The script from van Dijl and Ruth Becquart (who also plays Liesbeth in the film) is one that very empathetically looks at why victims choose to remain silent. In a perfect world, anyone who experiences abuse would speak up and the abuser would face the consequences of their actions. Of course, anyone who has paid the smallest amount of attention to what happens when (usually) women report sexual assault knows that’s not the case. Julie Keeps Quiet brings to mind the recent trial of the USA Gymnastics coach who was systematically protected by a number of organizations, despite the harm he was causing. Something similar happens in Julie Keeps Quiet. While it seems as though the coaches at Julie’s academy didn’t knowingly protect Jeremy, his suspension isn’t the end of his career. When Julie finds he’s been hired by another local academy, she has a breakdown. It was easy for her to stay silent when he was fired from her club because she believed that would be the end of it. That no one in their right mind would hire him again, but unfortunately, that’s not the case in this fictional story – or in reality.

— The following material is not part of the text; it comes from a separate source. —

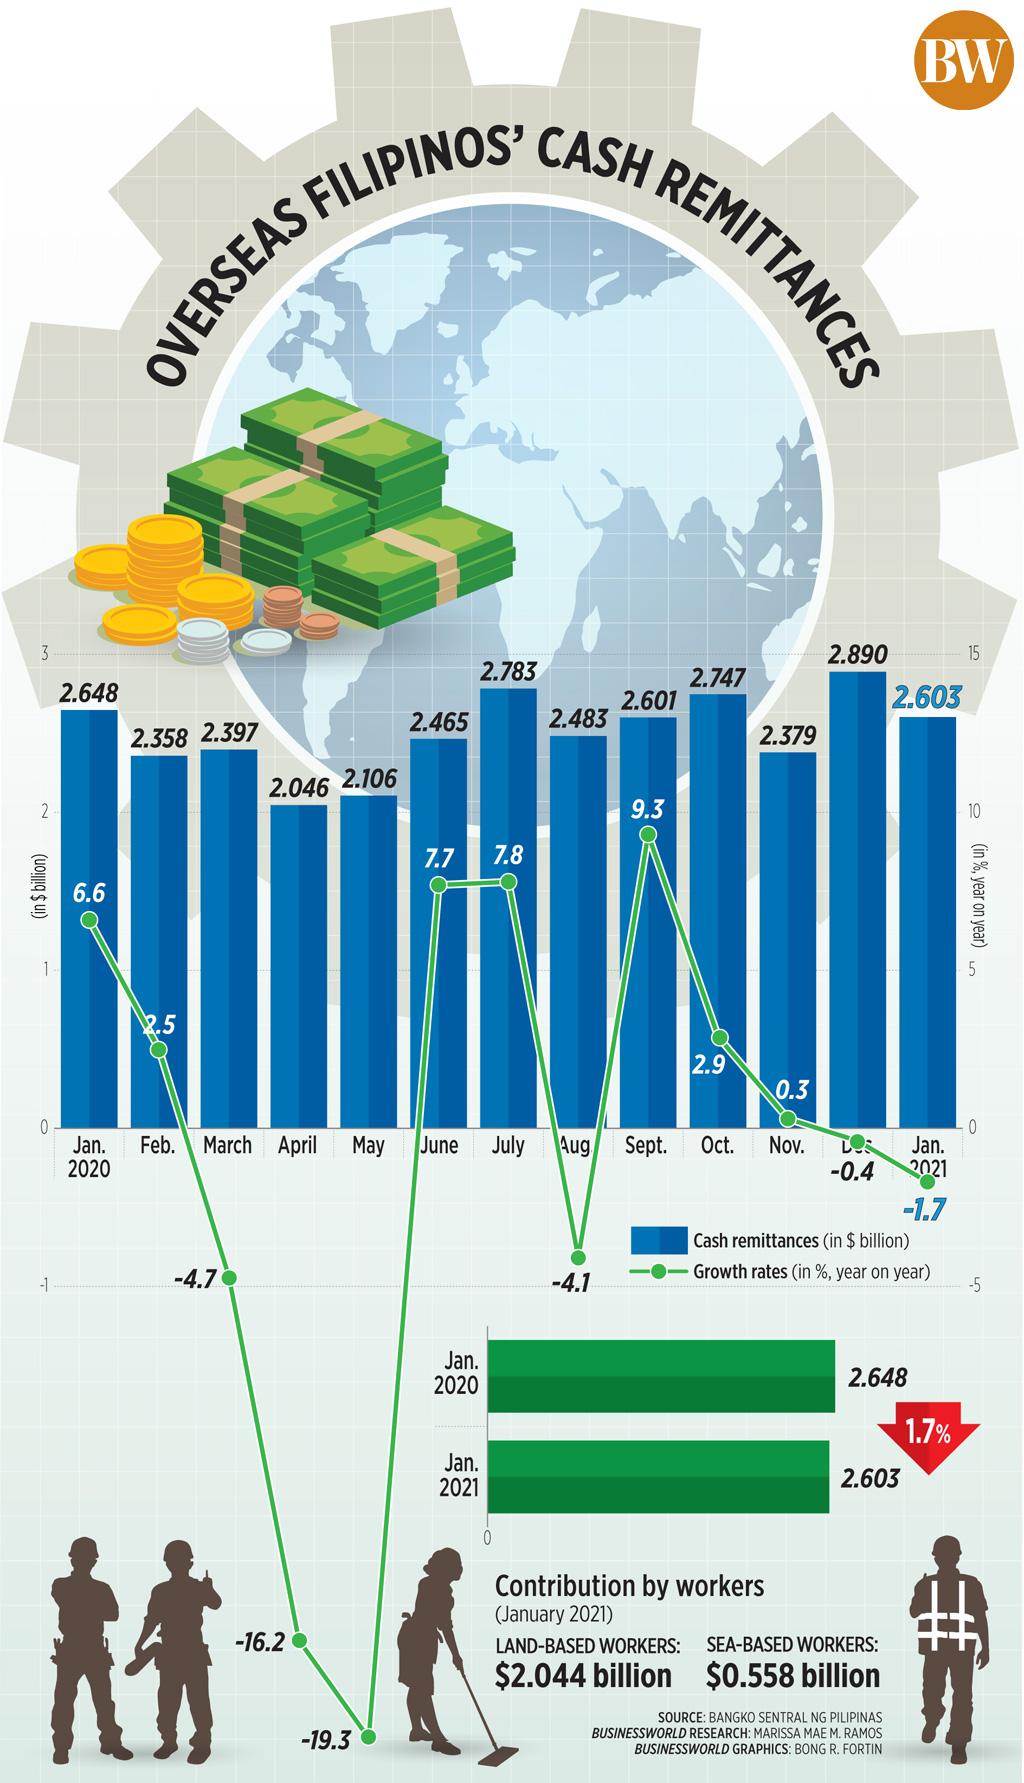 Overseas Filipinos' cash remittances (Jan. 2021)

We need to have more conversations about the relationship between a young person and an adult in a position of power. Julie Keeps Quiet never tells the audience what Jeremy did to the teenage girl who killed herself or what Jeremy did to Julie, but it doesn’t need to. There are subtle moments throughout the film showing that whatever Jeremy did was not okay, and that he made Julie believe nothing was wrong. The audience can tell almost immediately by the way his name is saved under a pseudonym in Julie’s phone and how the simple sound of a text ringtone can turn her into an anxious mess. Julie Keeps Quiet proves that films don’t need to explicitly show violence or abuse in order to make audiences understand the impact they can have on a victim. There is power in not using that type of imagery to get a point across.

A younger man, Backie (Pierre Gervais), is eventually named as Julie’s new coach. At first she’s cautious around him. Jeremy used to make it obvious that she was his favorite, and when Backie asks Julie to demonstrate a kick serve, she worries it’s history repeating itself. Instead, Backie gently explains that all he wants is for her to show her serve because she’s the best at it. Nothing more, nothing less. Not only does Julie Keeps Quiet show the dark side of this type of relationship, it also shows the potential for a healthy one as well. The longer she works with Backie, the lighter Julie becomes. Julie Keeps Quiet shines an essential light on youth sports and the abuse that goes on in them led by an open, generous performance by Van den Broeck.